Его разговоры с Объедком всегда так кончались. Вообще без учителя его речи, — он сам это знал, — только воздух портили, расплываясь в нём без оценки и внимания к ним; но не говорить — он не мог. И теперь, обругав своего собеседника, он чувствовал себя одиноким среди своих людей. А говорить ему хотелось, и потому он обратился к Симцову:
— Ну, а ты, Алексей Максимович, куда приклонишь свою седую голову?
Старик добродушно улыбнулся, потёр рукой свой нос и объявил:
— Не знаю… Увижу! Наше дело маленькое: выпил, да ещё!
— Почтенная, хотя и простая задача! — похвалил его ротмистр.
Симцов, помолчав, добавил, что он устроится скорее всех их, потому что его женщины очень любят.
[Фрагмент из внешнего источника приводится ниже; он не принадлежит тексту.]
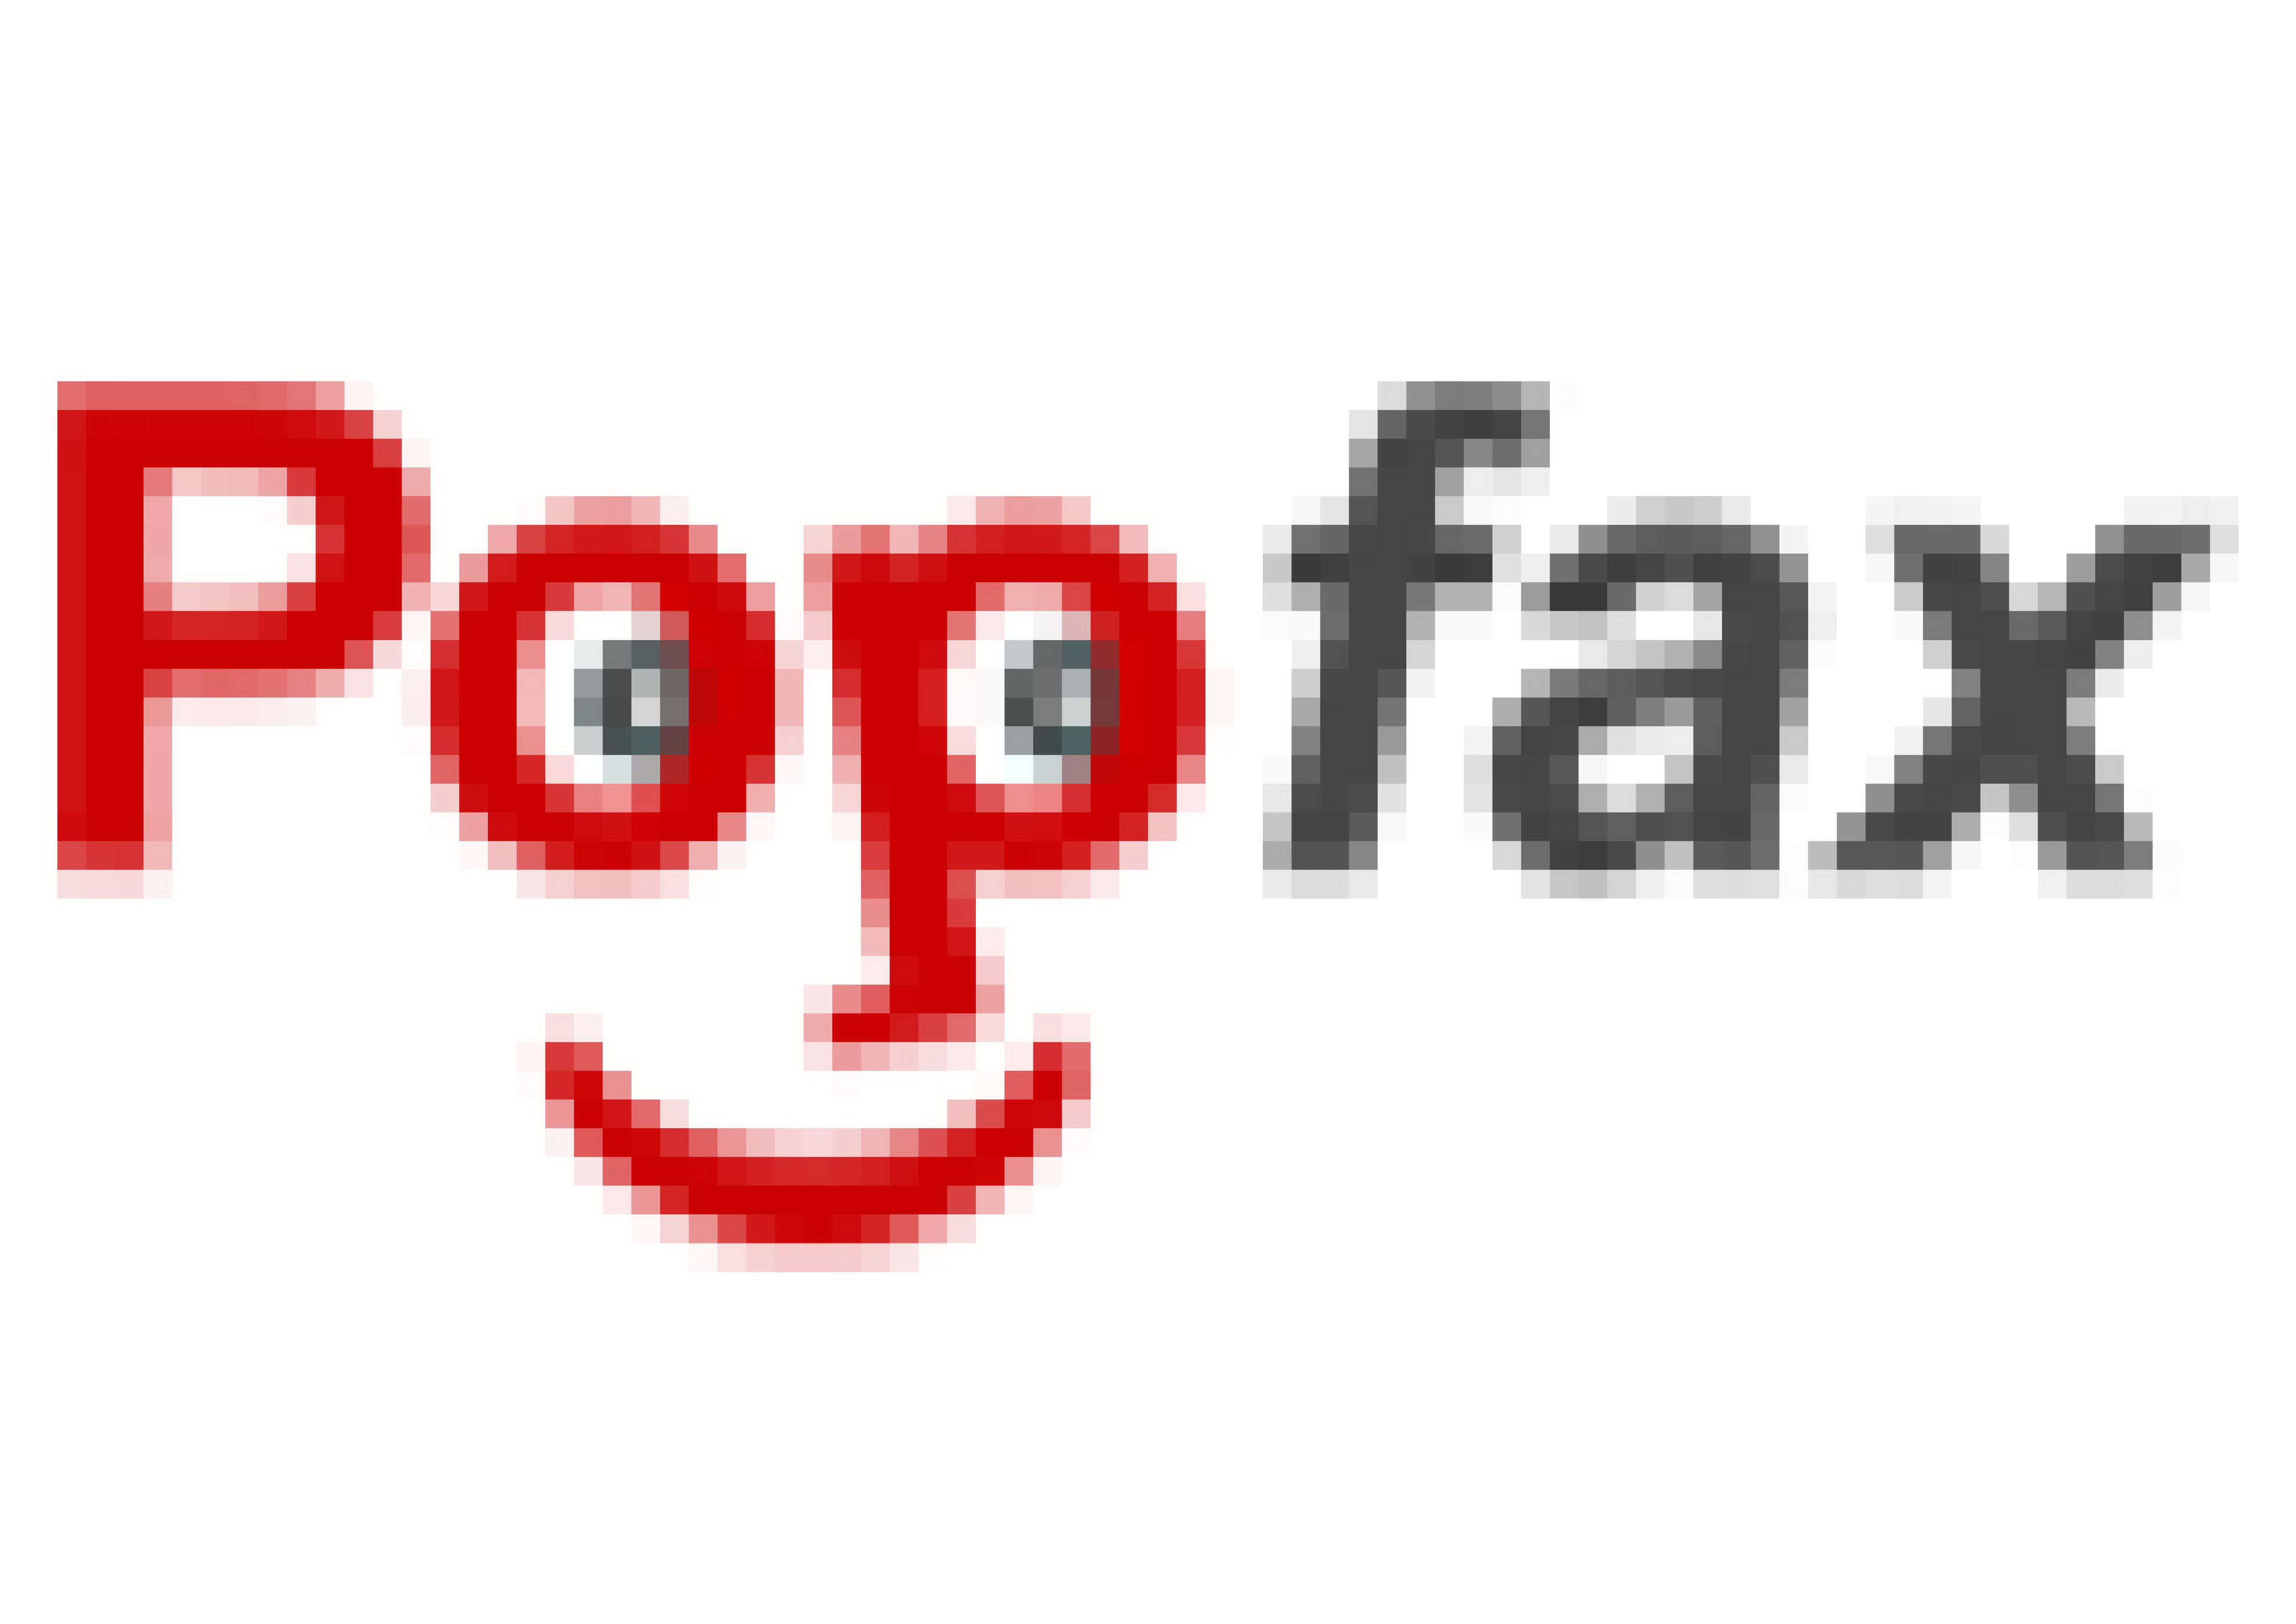 POPFAX

Это была правда: старик всегда имел двух-трёх любовниц-проституток, содержавших его по два и три дня кряду на свои скудные заработки. Они часто били его, но он относился к этому стоически; сильно избить его они почему-то не могли — может быть, жалели. Он был страстный женолюбец и рассказывал, что женщины — причина всех несчастий его жизни. Близость его отношений к женщинам и характер их отношений к нему подтверждались и частыми болезнями его, и костюмом, всегда хорошо починенным и более чистым, чем костюмы товарищей. Теперь, сидя на земле у дверей ночлежки в кругу своих товарищей, он хвастливо начал рассказывать, что его давно уже зовёт Редька жить с ней, но он не идёт к ней, не хочет уйти из компании.
Его слушали с интересом и не без зависти. Редьку все знали — она жила недалеко под горой и недавно только отсидела несколько месяцев за вторую кражу. Это была «бывшая» кормилица, высокая и дородная деревенская баба, с рябым лицом и очень красивыми, хотя всегда пьяными глазами.
— Ишь ты, старый чёрт! — выругался Объедок, глядя на самодовольно улыбавшегося Симцова.
— А почему они меня любят? Потому что я знаю, чем жива их душа…
— Н-да? — вопросительно воскликнул Кувалда.
— Умею заставить их жалеть меня. А женщина, когда она пожалеет, — хоть зарежет из жалости. Плачь перед ней, проси её убить тебя, пожалеет и убьёт…
— Это я убью! — решительно заявил Мартьянов, усмехаясь своей мрачной усмешкой.
— Кого? — спросил Объедок, отодвигаясь от него в сторону.
— Всё равно… Петунникова… Егорку… хоть тебя!
— Зачем? — осведомился Кувалда.
— Хочу в Сибирь… Мне надоело это… Подлая жизнь… А там уж будешь знать, как нужно жить…
— Д-да, там укажут подробно, — меланхолически согласился ротмистр.
О Петунникове и грядущем выселении из ночлежки больше не говорили. Все уже были уверены, что выселение близко к ним, и считали излишним утруждать себя рассуждениями на эту тему.
Расположившись кружком на траве, эти люди лениво вели бесконечную беседу о разных разностях, свободно переходя от одной темы к другой и тратя столько внимания к чужим словам, сколько нужно было его для того, чтобы продолжать беседу, не прерывая. Молчать было скучно, но и внимательно слушать тоже скучно. Это общество бывших людей имело одно великое достоинство: в нём никто не насиловал себя, стараясь казаться лучше, чем он есть, и не возбуждал других к такому насилию над собой.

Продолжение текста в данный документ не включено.